## Assigned task
Look below for the line containing "Incheon, South Korea."; from there, print each line exactly up to and including the line containing "Decorative Microfiber Pillow", and stop.

____ Dataset extract

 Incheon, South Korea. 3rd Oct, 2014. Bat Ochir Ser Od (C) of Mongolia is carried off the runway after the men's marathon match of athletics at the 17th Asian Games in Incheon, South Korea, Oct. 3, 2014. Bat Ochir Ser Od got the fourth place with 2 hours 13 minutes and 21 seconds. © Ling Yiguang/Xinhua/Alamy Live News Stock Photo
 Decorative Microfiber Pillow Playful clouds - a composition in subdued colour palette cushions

________
____ Dataset extract

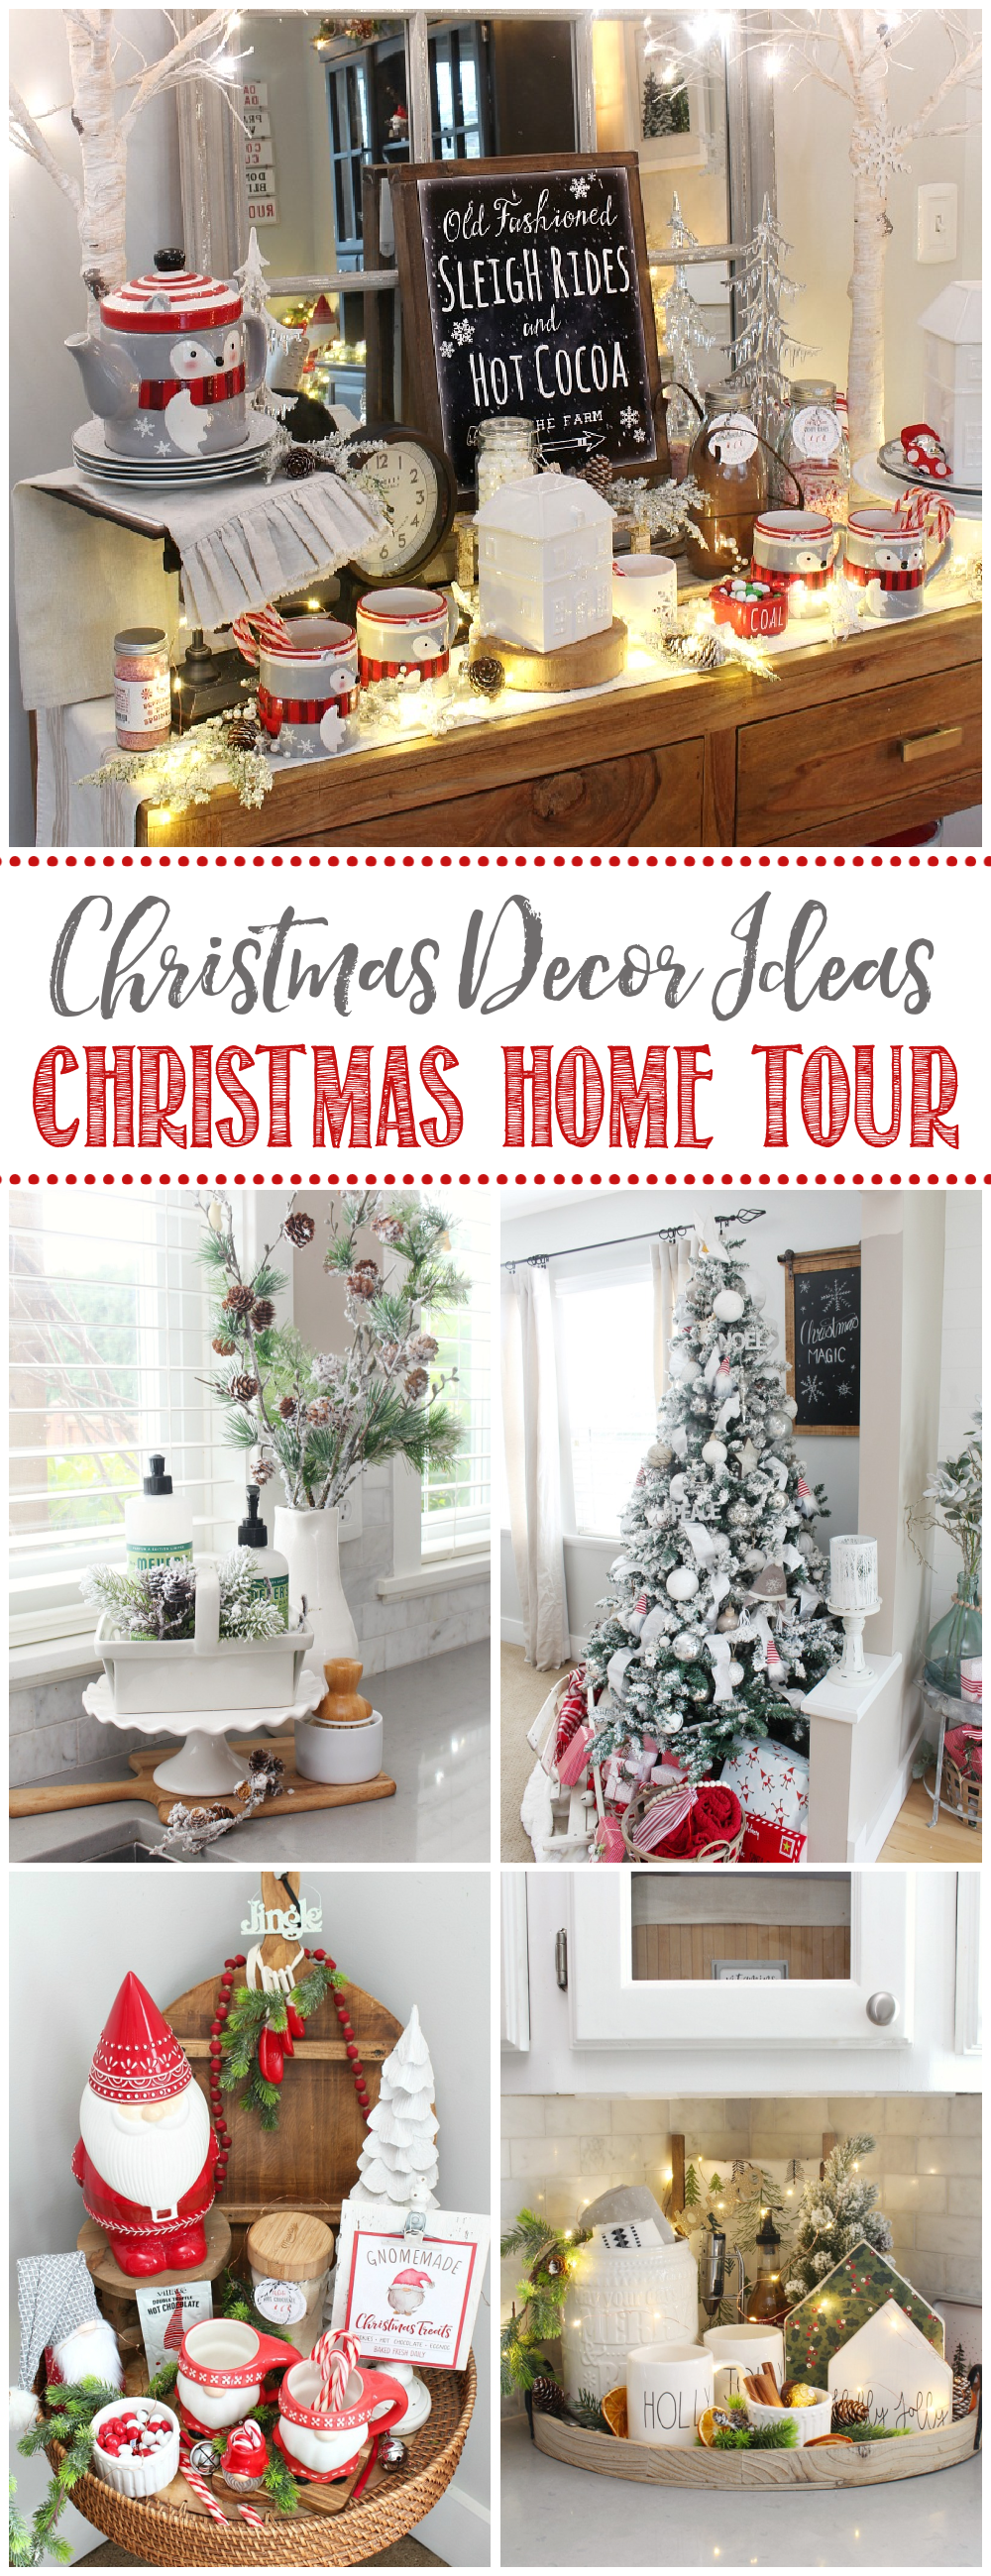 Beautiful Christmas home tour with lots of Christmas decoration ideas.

________
____ Dataset extract

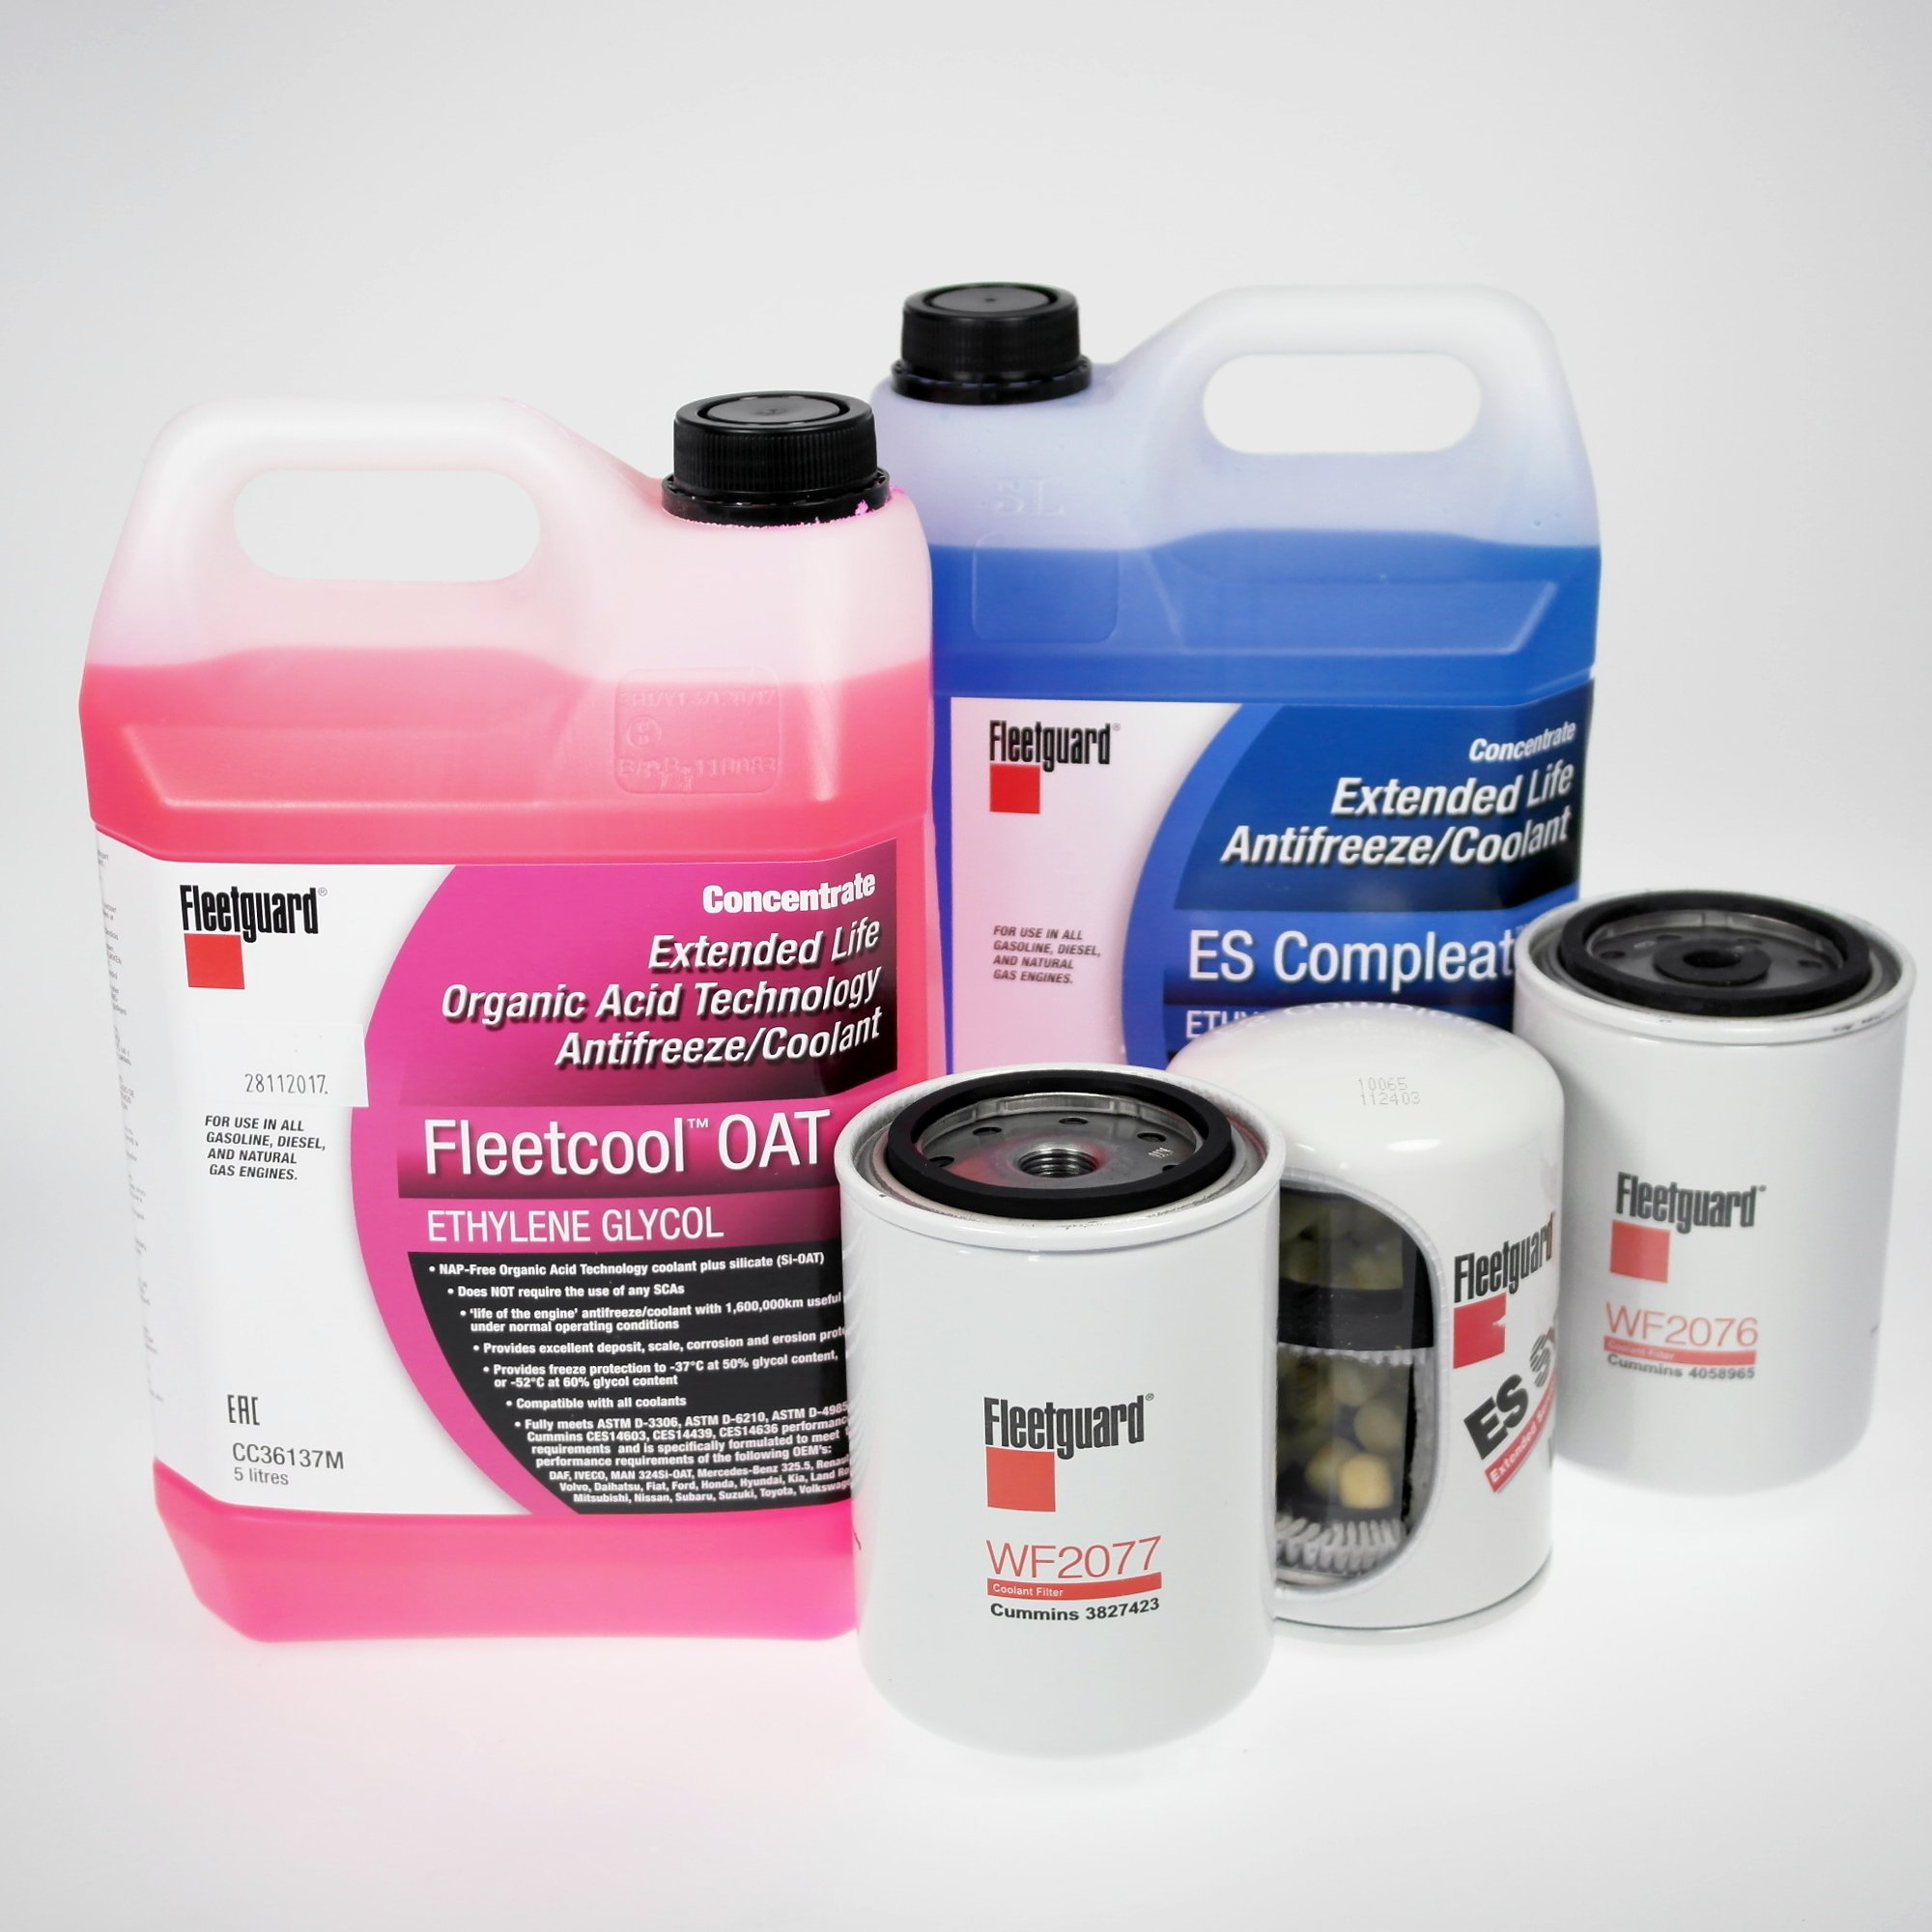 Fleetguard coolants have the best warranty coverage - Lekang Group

________

## Written reply
 Incheon, South Korea. 3rd Oct, 2014. Bat Ochir Ser Od (C) of Mongolia is carried off the runway after the men's marathon match of athletics at the 17th Asian Games in Incheon, South Korea, Oct. 3, 2014. Bat Ochir Ser Od got the fourth place with 2 hours 13 minutes and 21 seconds. © Ling Yiguang/Xinhua/Alamy Live News Stock Photo
 Decorative Microfiber Pillow Playful clouds - a composition in subdued colour palette cushions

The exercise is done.